The copy must match the data below line for line and contain no images.

_THE DATA:_
####################

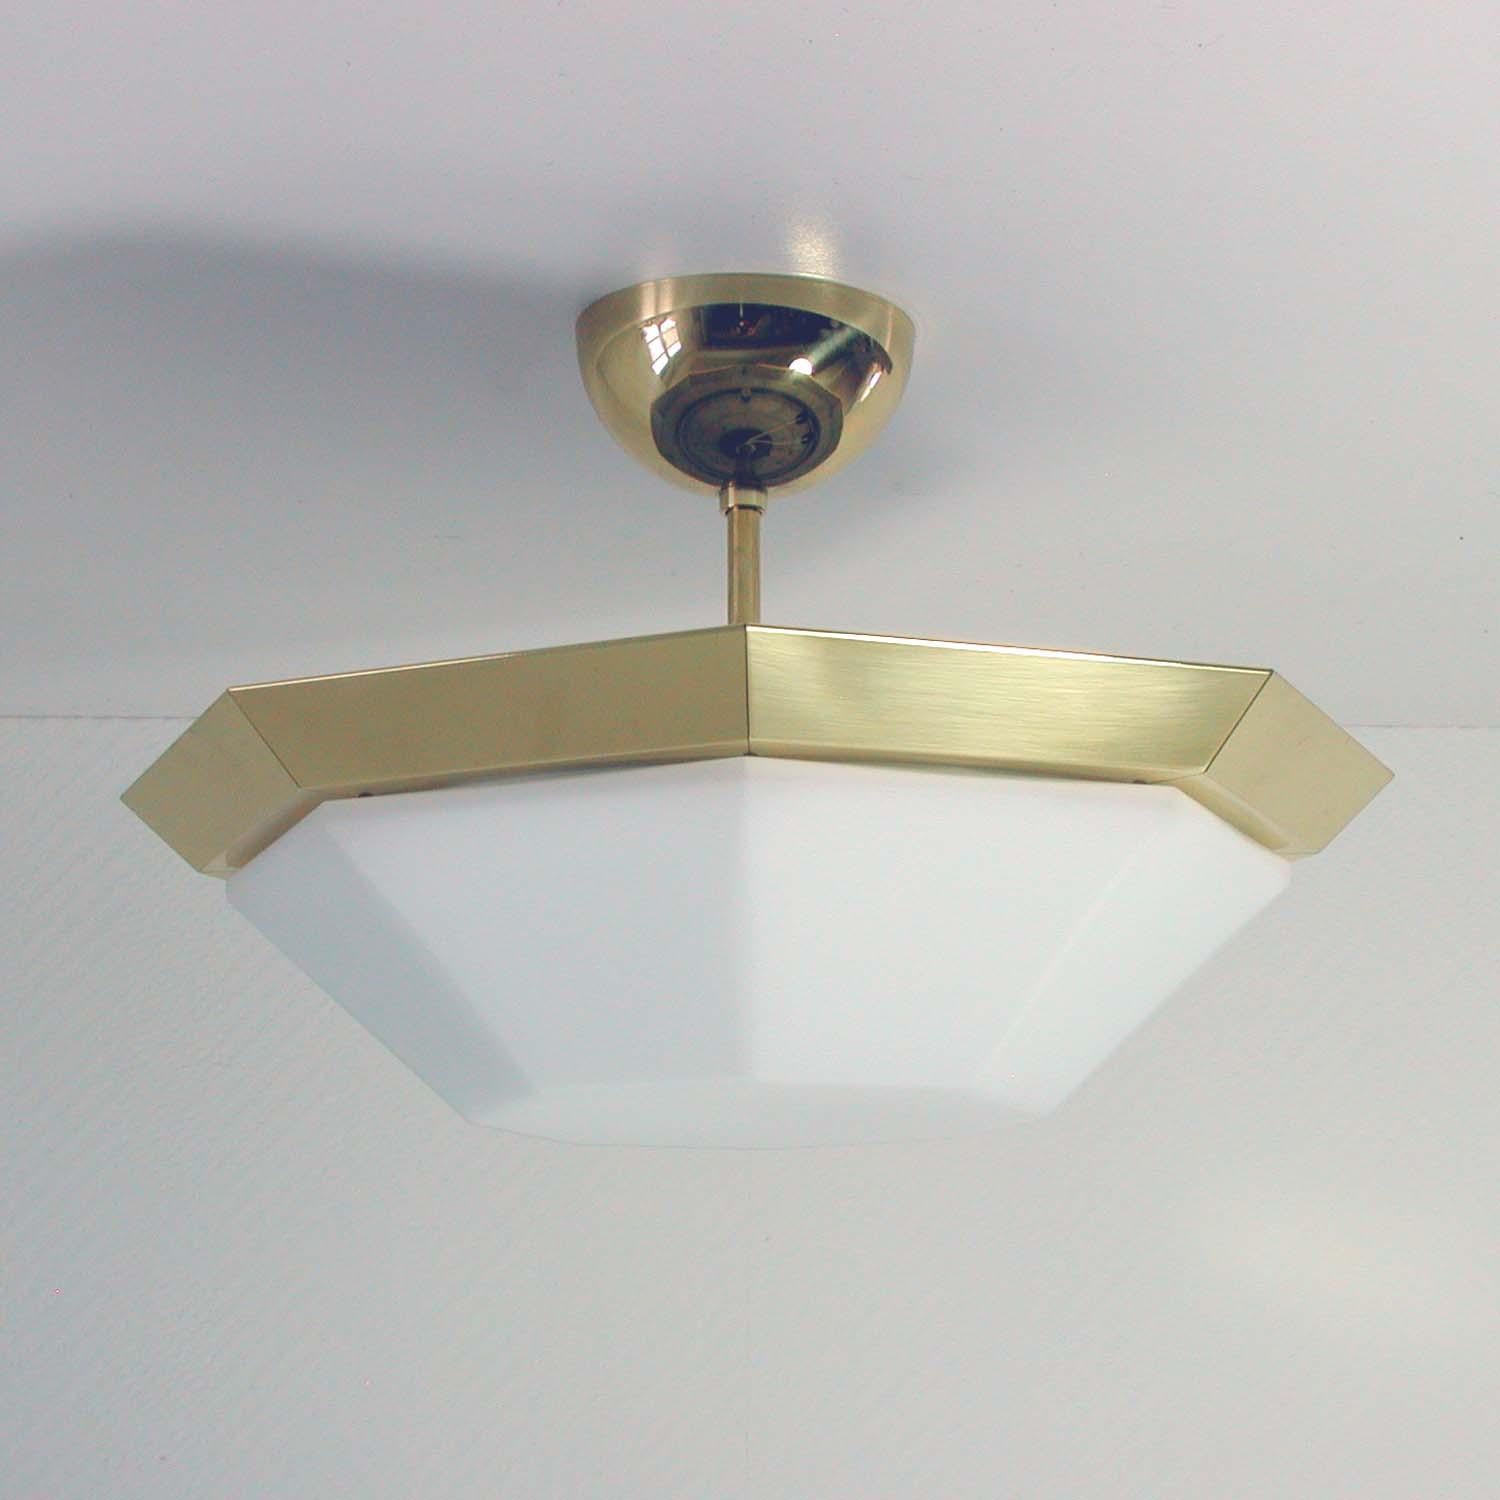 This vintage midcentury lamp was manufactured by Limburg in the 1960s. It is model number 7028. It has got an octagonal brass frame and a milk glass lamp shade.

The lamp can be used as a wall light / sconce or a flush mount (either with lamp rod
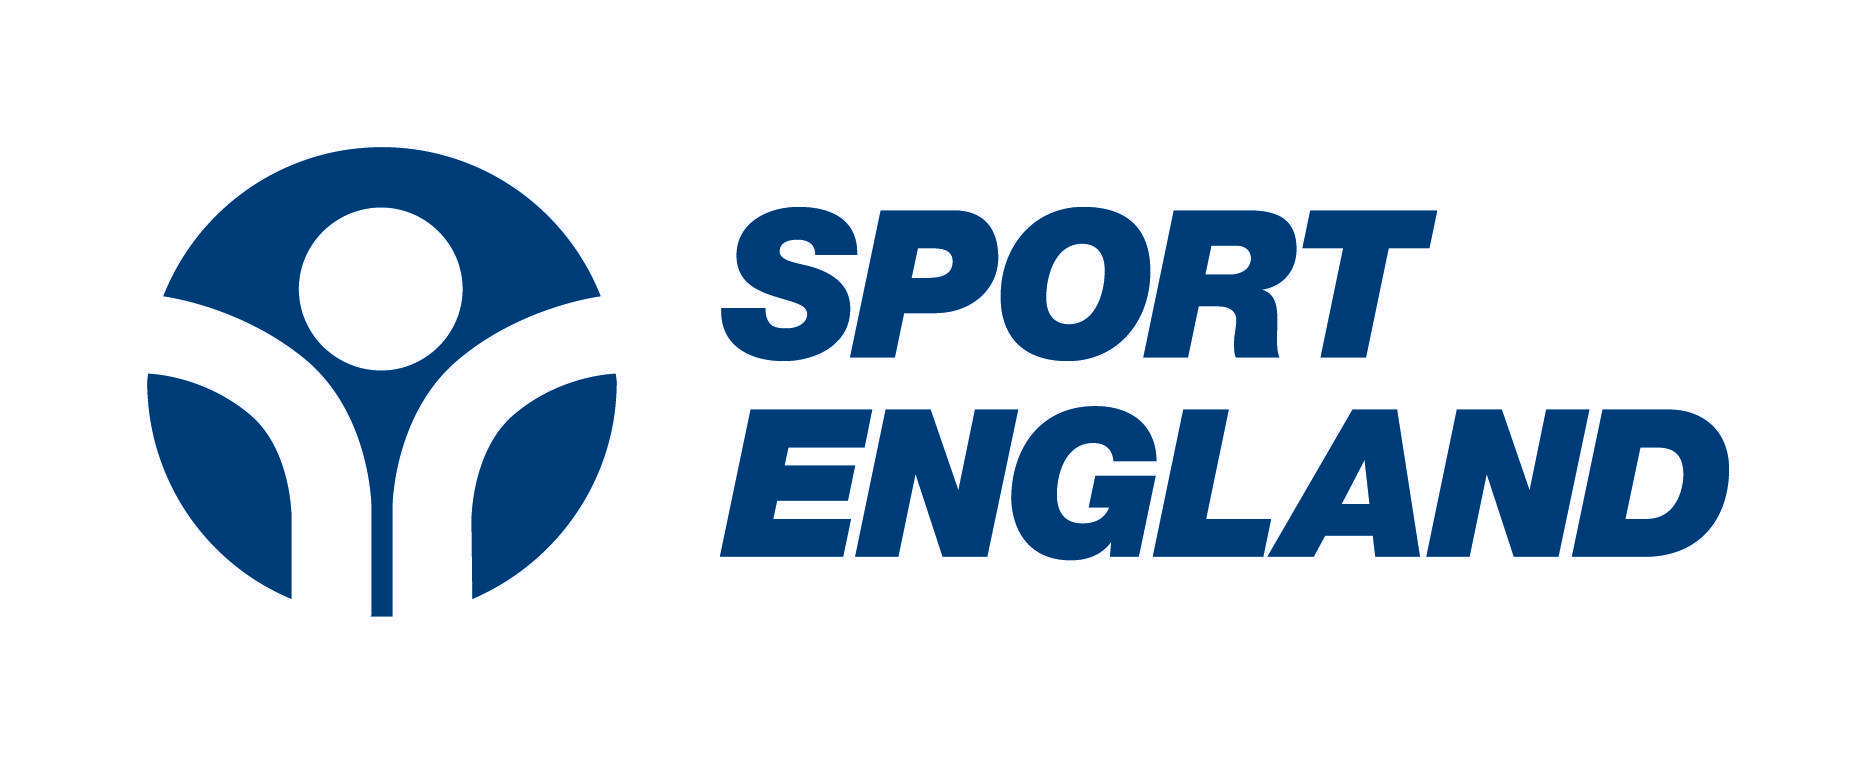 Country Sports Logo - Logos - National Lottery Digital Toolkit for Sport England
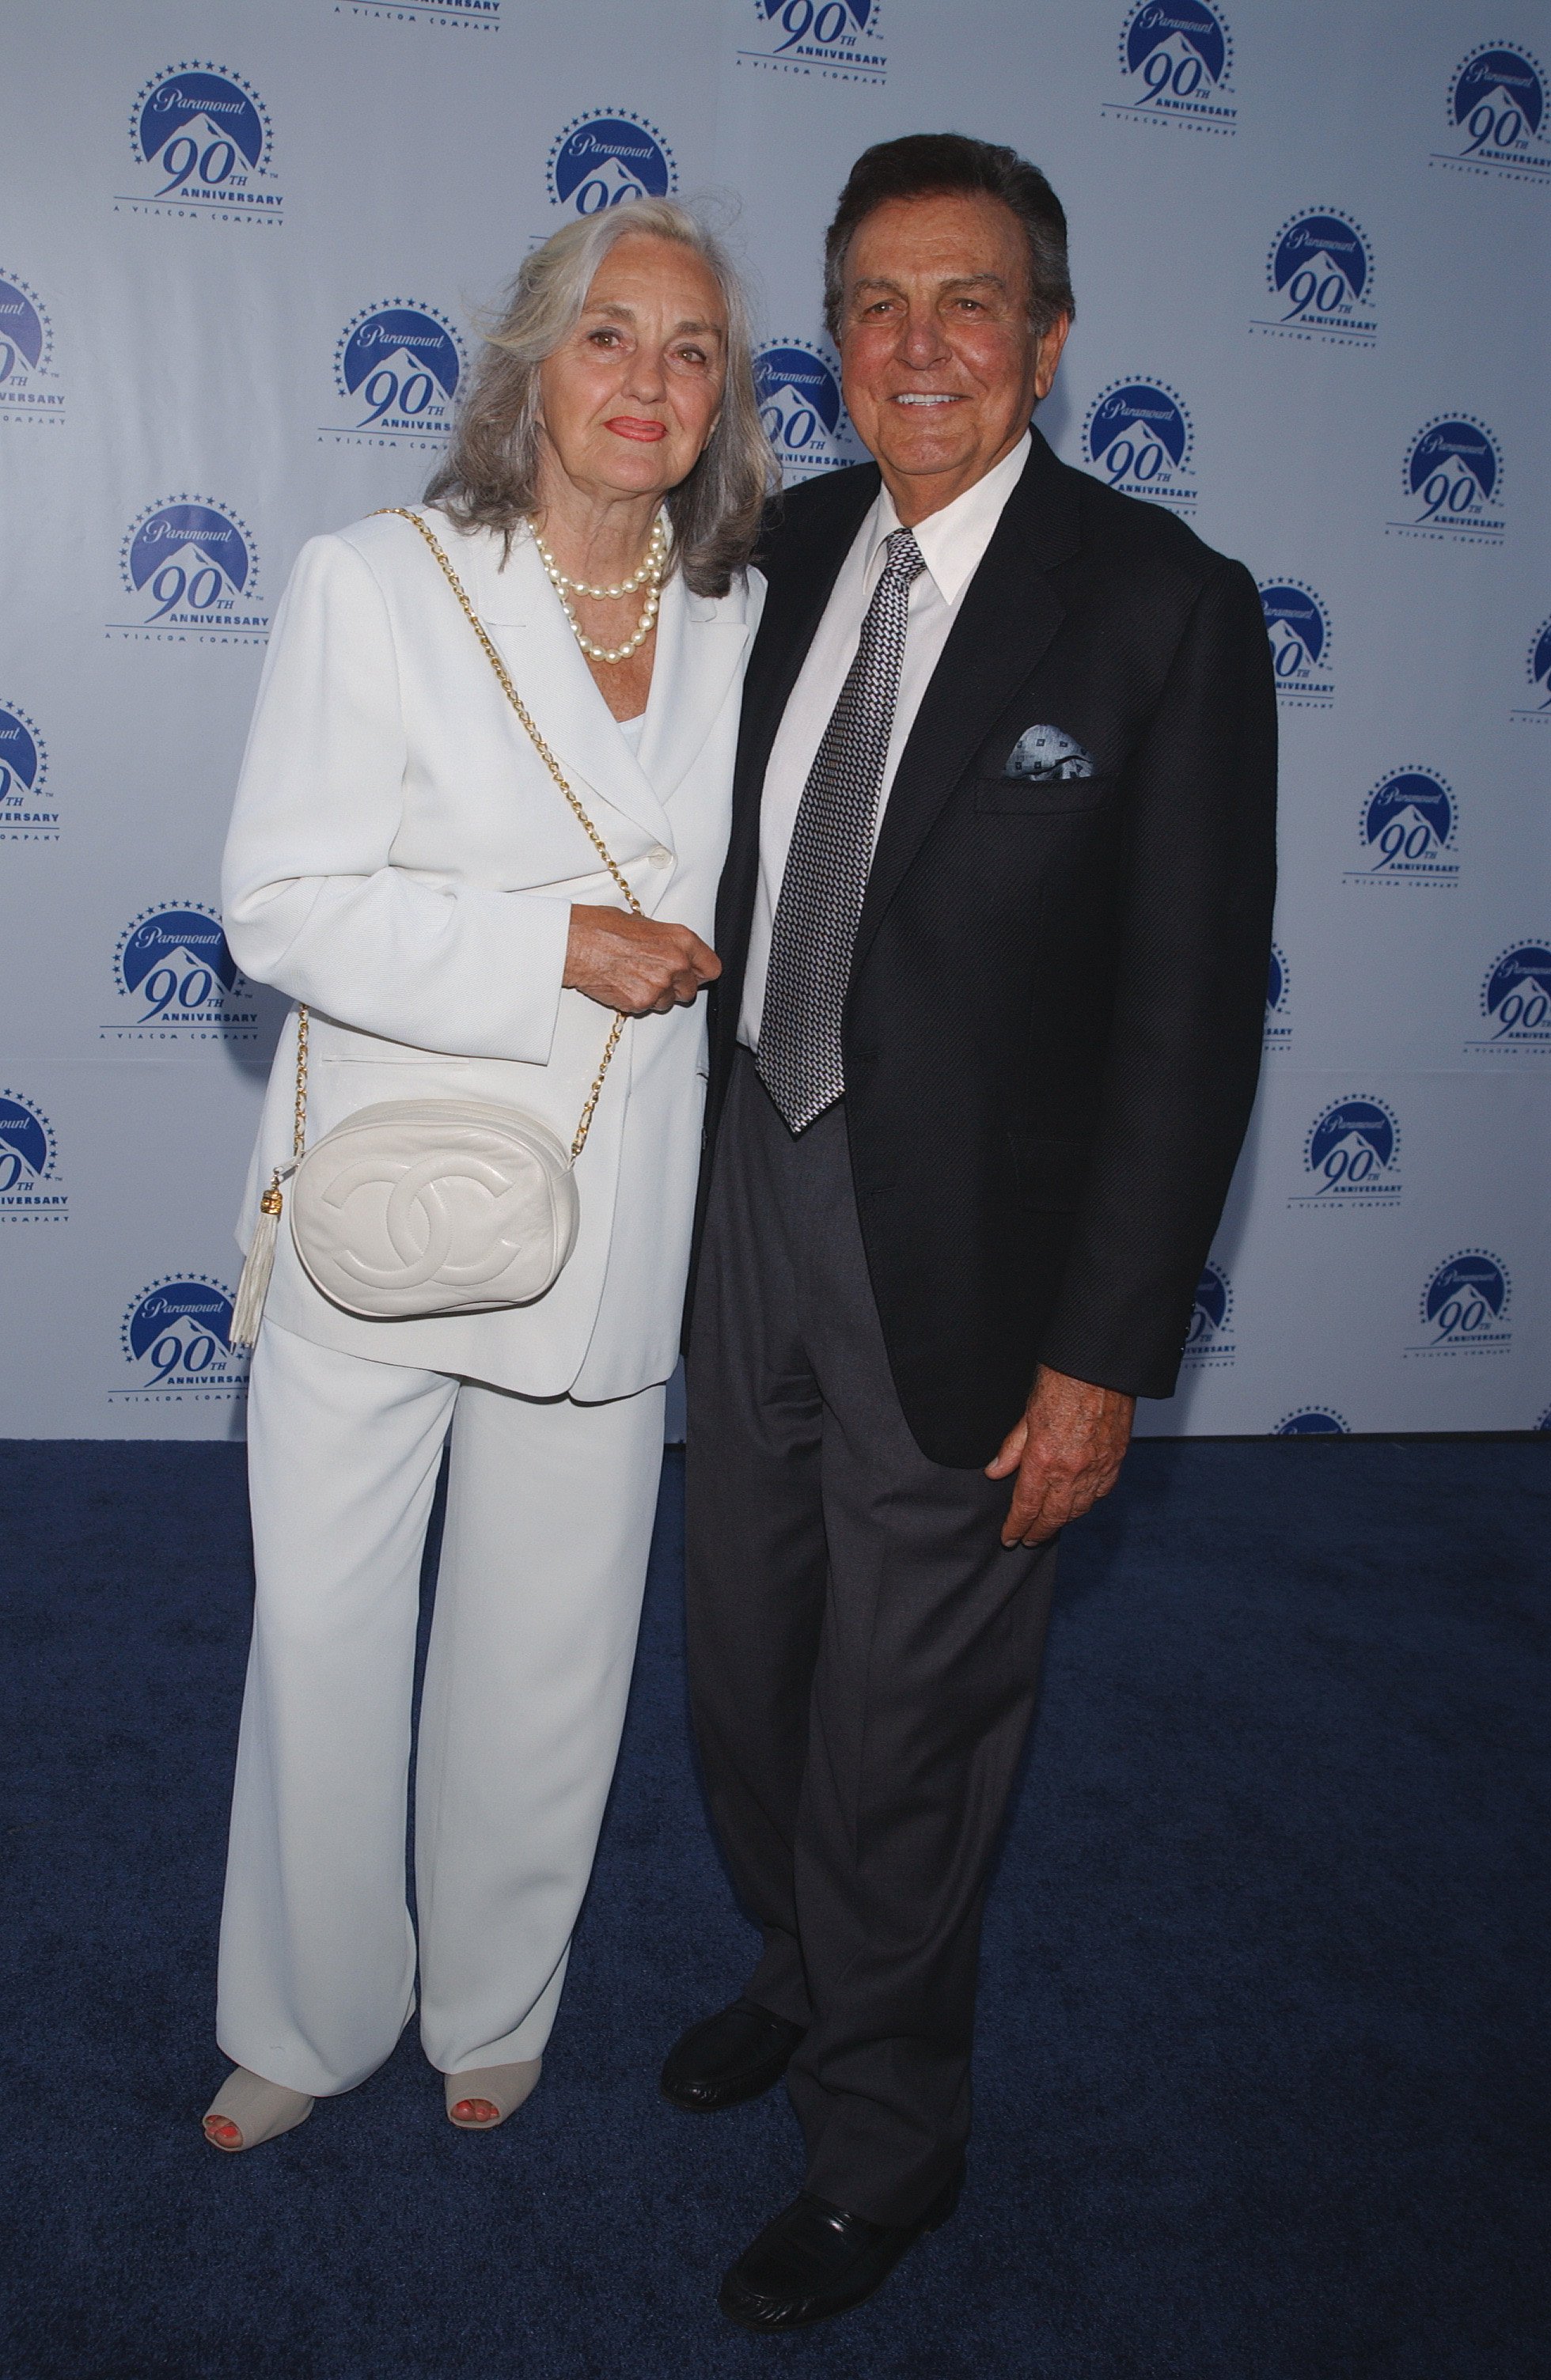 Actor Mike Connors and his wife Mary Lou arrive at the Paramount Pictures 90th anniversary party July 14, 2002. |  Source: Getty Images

####################

_ANSWER SPACE:_
 This vintage midcentury lamp was manufactured by Limburg in the 1960s. It is model number 7028. It has got an octagonal brass frame and a milk glass lamp shade.

The lamp can be used as a wall light / sconce or a flush mount (either with lamp rod
 Country Sports Logo - Logos - National Lottery Digital Toolkit for Sport England
 Actor Mike Connors and his wife Mary Lou arrive at the Paramount Pictures 90th anniversary party July 14, 2002. |  Source: Getty Images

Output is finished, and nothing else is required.